* _Work required_: In the material below, the lines between the one holding "伊蒙妮莎精彩亮相IDC发展蓝图与技术架构高峰论坛" and the one holding "สามแพร่ง Face Street", inclusive, are to be set down word for word. Pictures stay out.

* _Listed records_:
-----
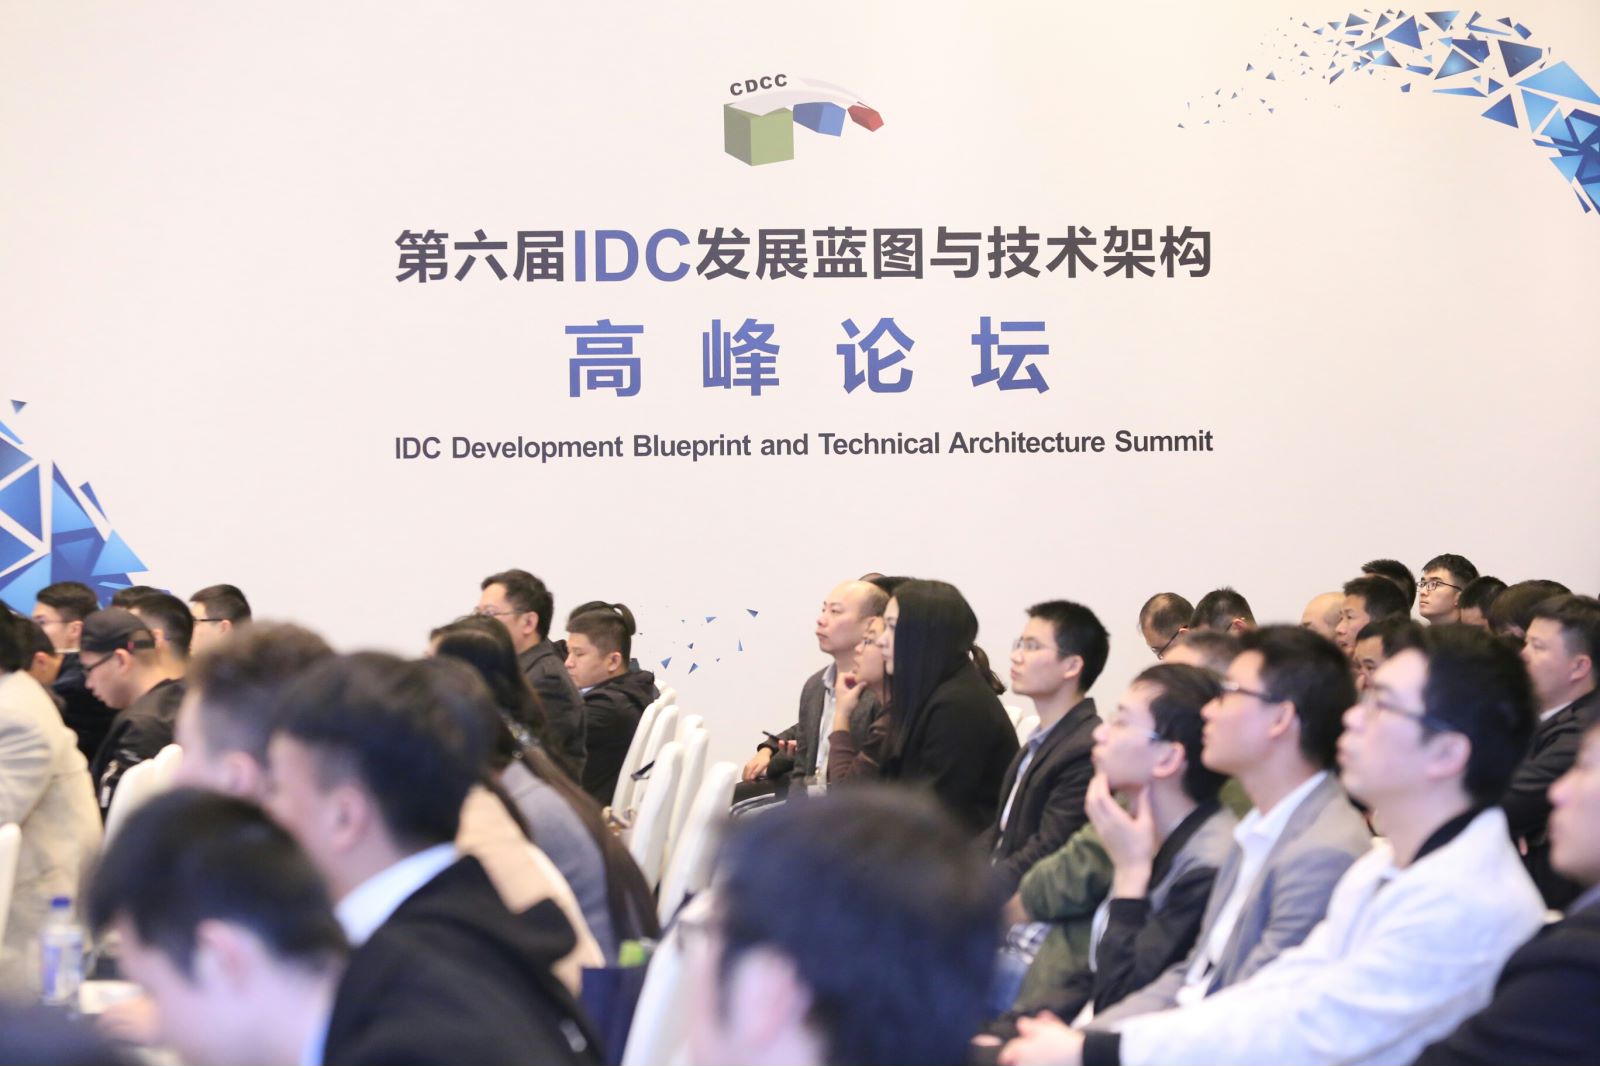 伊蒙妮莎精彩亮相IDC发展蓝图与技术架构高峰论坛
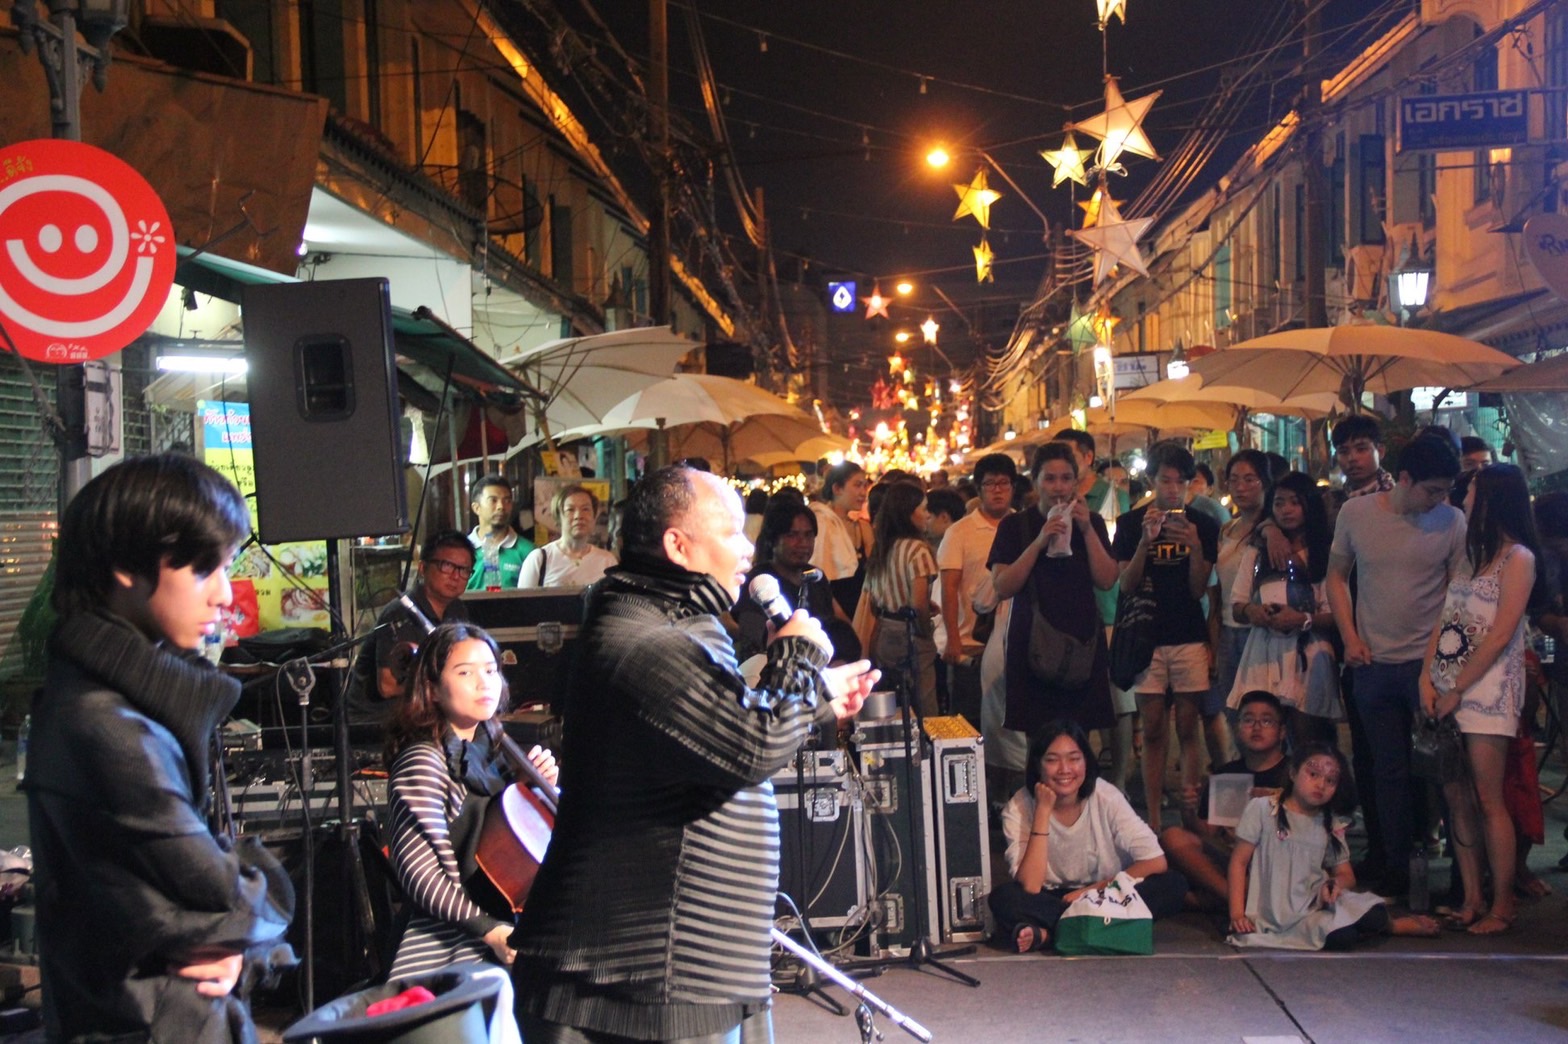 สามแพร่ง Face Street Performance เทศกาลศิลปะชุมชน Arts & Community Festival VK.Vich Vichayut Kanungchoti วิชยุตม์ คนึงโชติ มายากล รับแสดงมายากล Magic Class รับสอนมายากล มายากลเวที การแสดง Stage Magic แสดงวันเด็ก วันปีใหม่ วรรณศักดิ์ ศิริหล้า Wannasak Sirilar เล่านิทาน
-----
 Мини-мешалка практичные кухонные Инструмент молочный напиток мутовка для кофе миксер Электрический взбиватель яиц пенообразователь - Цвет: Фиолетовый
-----
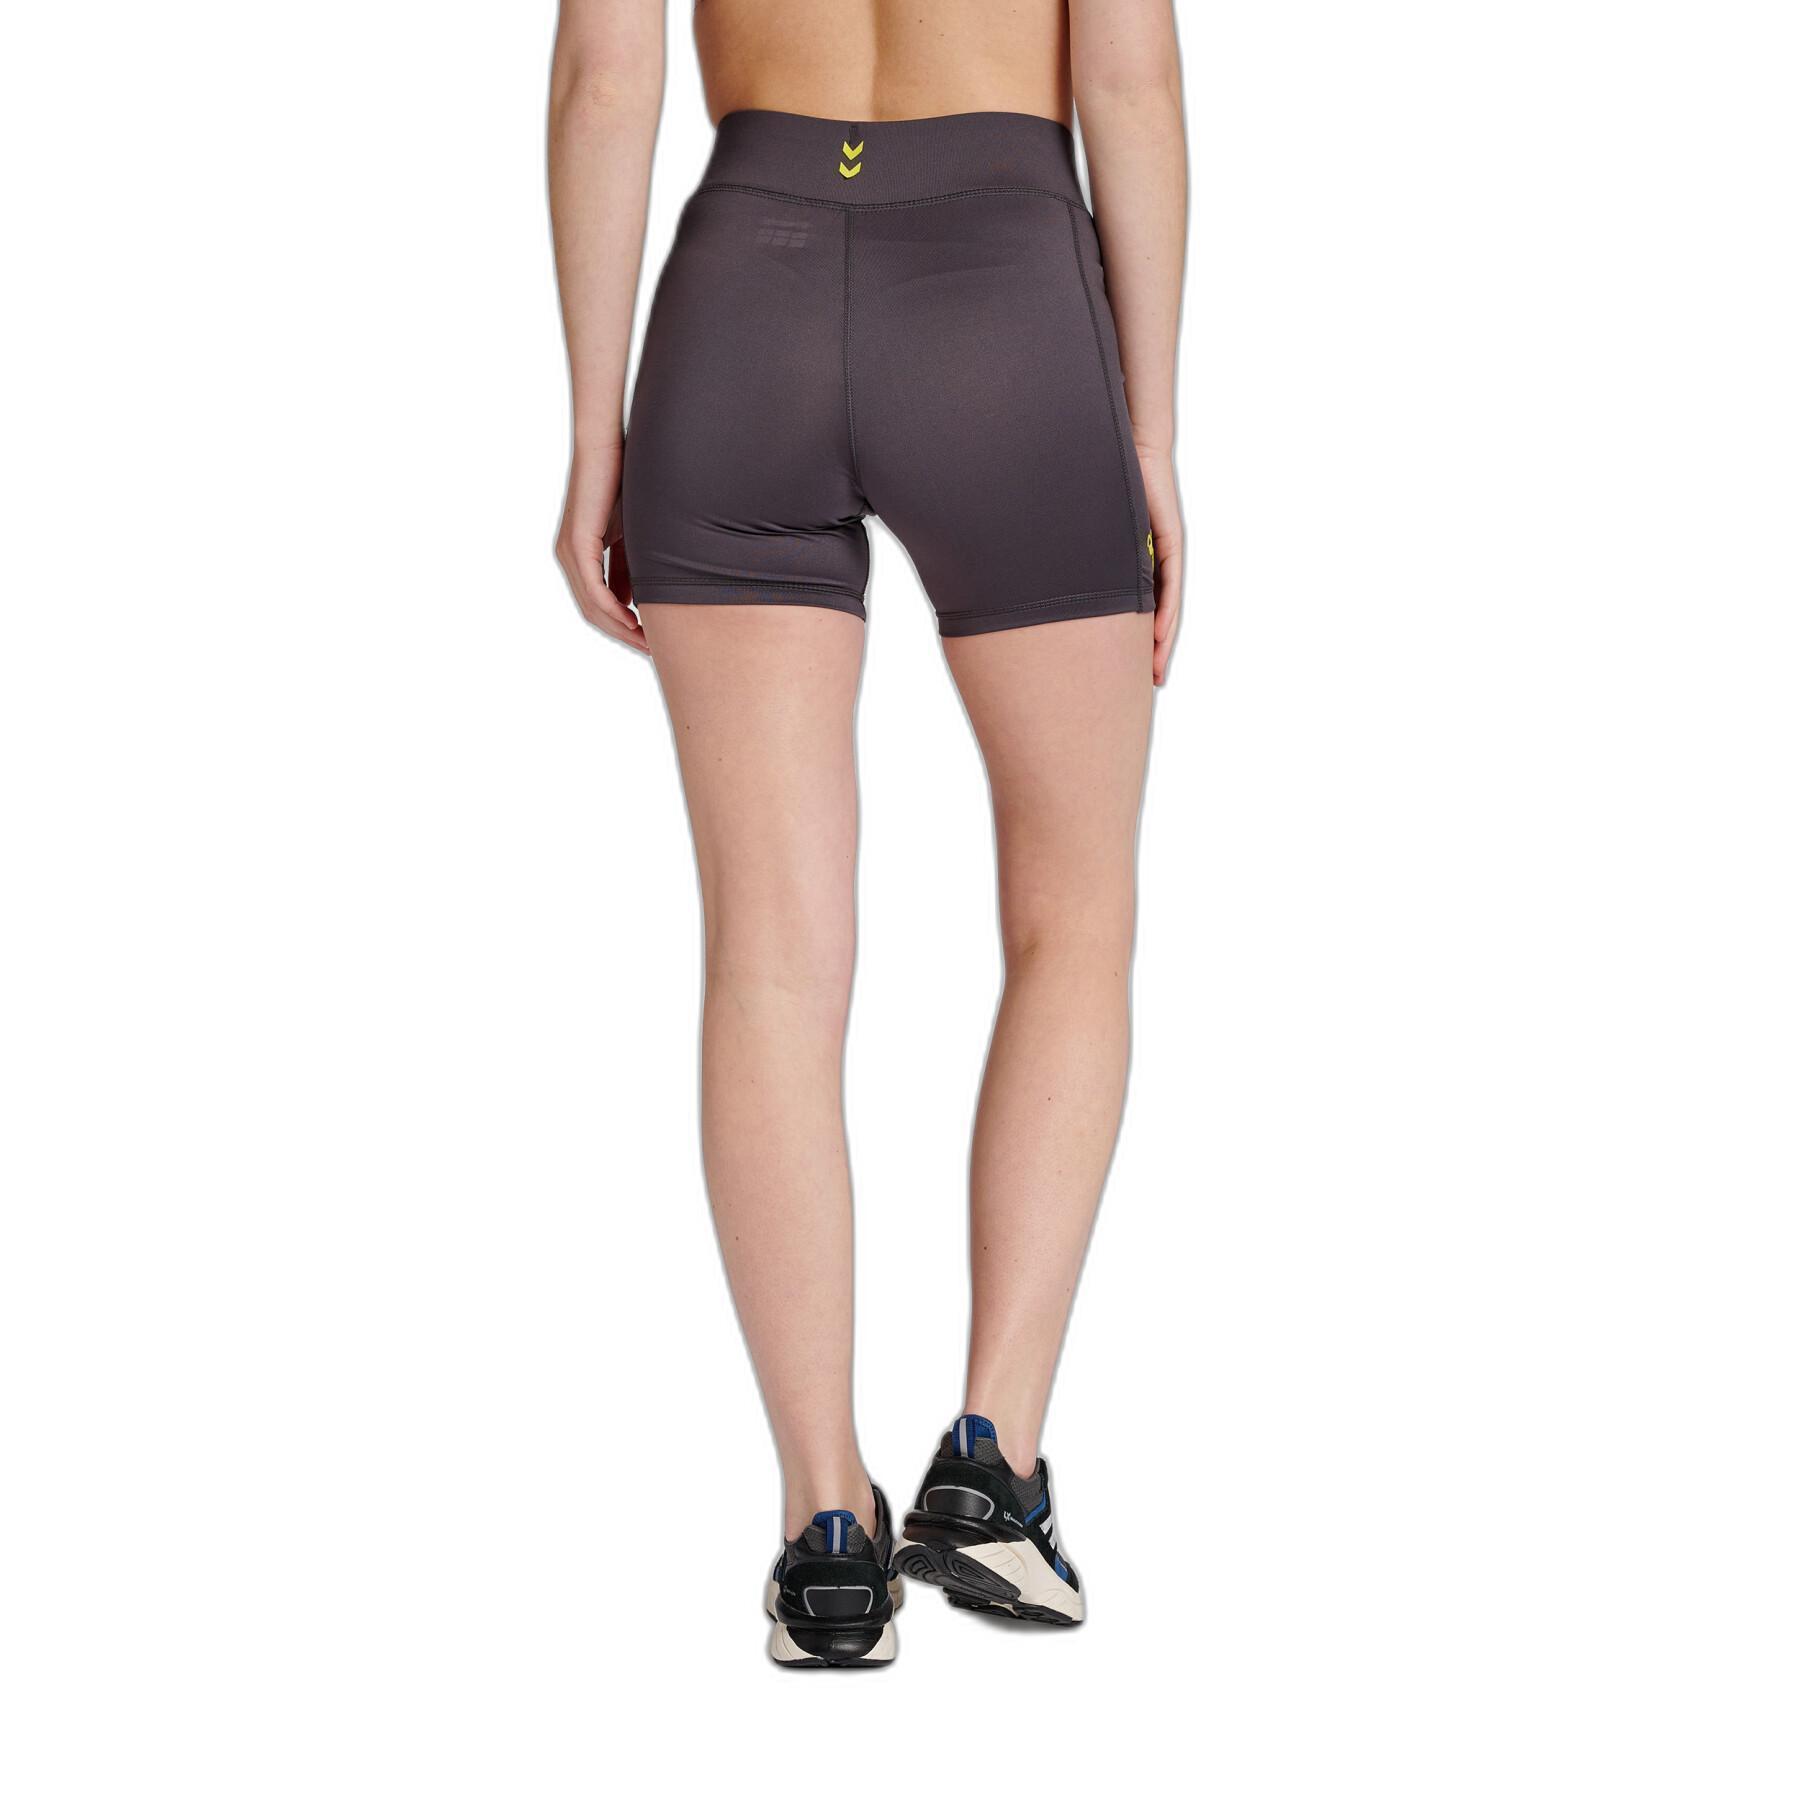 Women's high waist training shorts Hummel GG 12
-----
* _Task response_:
 伊蒙妮莎精彩亮相IDC发展蓝图与技术架构高峰论坛
 สามแพร่ง Face Street Performance เทศกาลศิลปะชุมชน Arts & Community Festival VK.Vich Vichayut Kanungchoti วิชยุตม์ คนึงโชติ มายากล รับแสดงมายากล Magic Class รับสอนมายากล มายากลเวที การแสดง Stage Magic แสดงวันเด็ก วันปีใหม่ วรรณศักดิ์ ศิริหล้า Wannasak Sirilar เล่านิทาน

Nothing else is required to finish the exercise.